Повсюду разговоры об огромном Вандейском заговоре, о русской эскадре, которая будто бы прошла Дарданеллы. После измены Лафайета армия кажется ненадежной. Многие убеждены, что пруссаки через несколько дней захватят Париж и устроят кровавую бойню. Все парижане, способные носить оружие, выступят навстречу врагу. Но кто останется в городе? Контрреволюционеры.
Ползут зловещие слухи: пока патриоты будут сражаться с пруссаками, роялисты выйдут из подполья, освободят заключенных и перережут наших жен и детей.
И тогда стихийно родился призыв: «Поспешим в тюрьмы!»

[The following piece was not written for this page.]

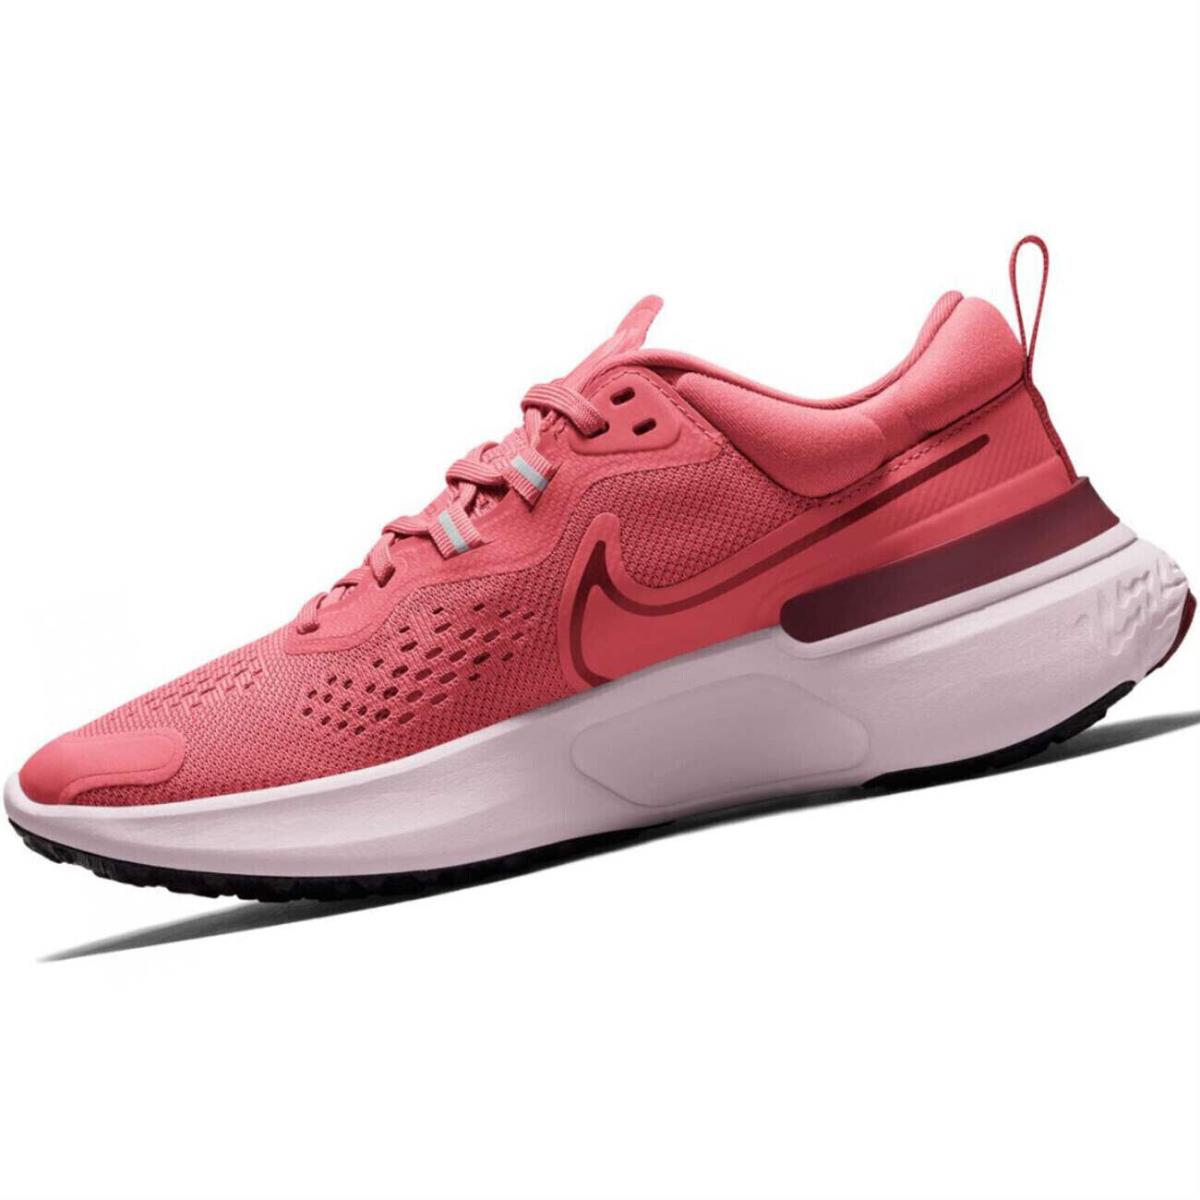 Nike shoes React Miler - Pink 2

Так начались сентябрьские убийства.
Народ врывался в тюрьмы и убивал. Сначала без суда, потом возникли импровизированные суды. Первым судьей был герой 14 июля и октябрьских дней 1789 года Майяр. Суд был скорый. Тут же саблями зарубались неприсягнувшие священники, ярые роялисты, фальшивомонетчики. Тех, за кем не было вины, Майяр освобождал. Он говорил: «Мы собрались сюда не для того, чтобы судить за убеждения, а для того, чтобы судить за проступки». Каждого заключенного, признанного невиновным, толпа встречала радостными криками. Но невиновных насчитали всего несколько десятков.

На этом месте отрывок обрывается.